Signalling a job before time limit is reached

sagendor · January 21, 2021, 2:20am

I’m trying to signal my job so that I can save the state of it to disk before slurm kills the process when it runs out of time. I’m using the --signal flag in my batch submission file like so:

#!/bin/bash
#SBATCH --ntasks=1
#SBATCH --mem=0
#SBATCH --time=00:3:30 
#SBATCH --partition=debug 
#SBATCH --signal=USR1@30
#SBATCH --output=test.out
#SBATCH --job-name=test

echo "Job started!"
python ~/scratch/ascript.py
echo "Job ended!"

The idea here is that slurm should send the signal SIGUSR1 30 seconds before the job ends to all processes running. Inside the python script, it looks like this:

import signal
import time

def handler(signum, frame):
    print('Signal handler called with signal', signum)
    exit(0)

signal.signal(signal.SIGUSR1, handler)
signal.signal(signal.SIGTERM, handler)
signal.signal(signal.SIGINT, handler)

# do nothing
print("Going to sleep...")
time.sleep(100000)

The script should catch the signal SIGUSR1 which I specified in my slurm file, and then execute the function “handler”, but it’s not working. When I run this script on the terminal and use Ctrl+C to send the SIGINT signal, it works.

Am I missing something here? Do I need to know something about how slurm has been configured on Discovery?

sagendor · January 21, 2021, 9:25pm

If anyone has a suggestion for a better way to do this I am open to it

sagendor · January 21, 2021, 9:50pm

So I managed to find a somewhat convoluted way to achieve what I wanted to - though I still would like to understand why my original attempt didn’t work. Here is a modified submission script

#!/bin/bash
#SBATCH --ntasks=1
#SBATCH --time=00:3:30 
#SBATCH --partition=debug 
#SBATCH --signal=B:USR1@30
#SBATCH --output=test.out
#SBATCH --job-name=test

trap 'echo signal recieved!; kill "${PID}"; wait "${PID}"; handler' USR1 SIGINT SIGTERM

echo "Job started!"

# run python script
python ~/scratch/ascript.py &
PID="$!"
wait "${PID}"

echo "Job ended!"

The idea is that we run the python script (or whatever your job is) in the background, and capture its process id with with the $! variable. We then run the command wait which tells the script to wait until this process finishes before continuing.

The #SBATCH --signal=B:USR1@30 flag means that we will send the signal USR1 to the bash shell (rather than any child processes), where it can be captured by the trap command, which then sends the SIGTERM signal to our actual job via kill, and our job can then handle that signal.

Pretty convoluted, but seems to work. Wish there was some better documentation on how to do this properly

csul · March 28, 2023, 7:09pm

Hi,

This is a very late response but I was going to do a blog post on this topic and was reminded of this question while doing research. Here’s a hint from the schedmd mail list. We have to launch python with srun. The explanation seems to be that using srun puts your python script into a job step while launching it from the job script creates a child process. Apparently only the batch script or job steps can be sent signals.

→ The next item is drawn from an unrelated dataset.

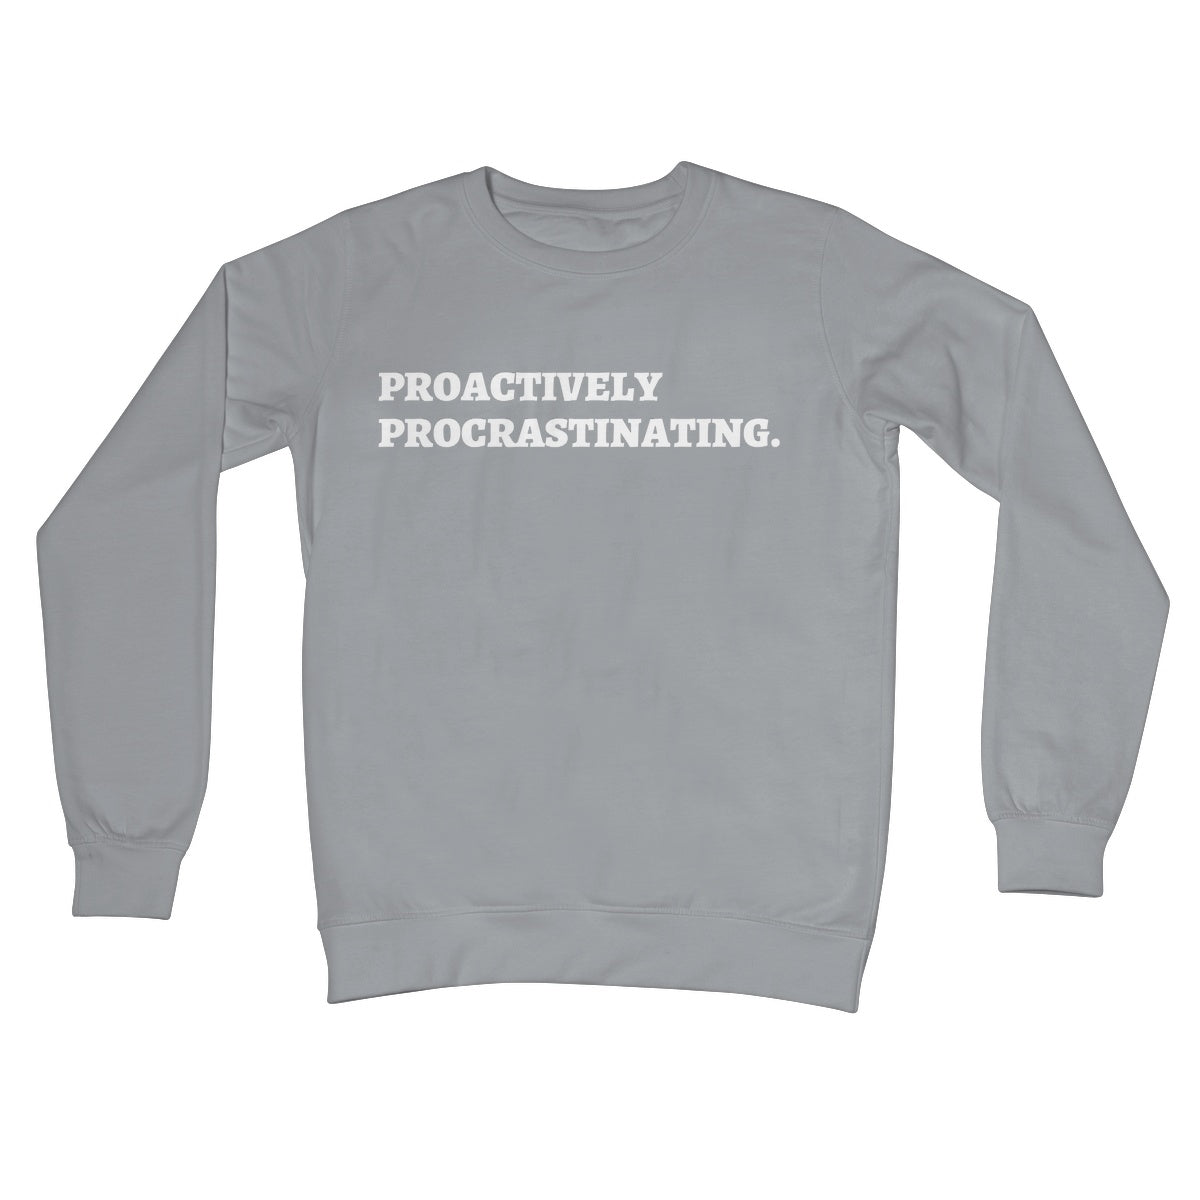 proactively procrastinating jumper grey

Anyway, your job script should look like this

#!/bin/bash
#SBATCH --time=00:01:30
#SBATCH --partition=debug
#SBATCH --signal=USR1

module load gcc/11.3.0
module load python

echo 'job started!'
srun python3 ascript.py
echo 'job ended!'

Note that bash will try to interpret the ! character if its in " quotes but not ' quotes.

ascript.py should look the same

import signal
import time

def handler(signum, frame):
    print('Signal handler called with signal', signum)
    exit(0)

signal.signal(signal.SIGUSR1, handler)
signal.signal(signal.SIGTERM, handler)
signal.signal(signal.SIGINT, handler)

# do nothing
print("Going to sleep...")
time.sleep(100000)

Finally, for anyone wondering how this is useful. One thing you can do is put functionality in your signal handler function to save the state of your program before it gets terminated so you can pick up where you left off in the next job.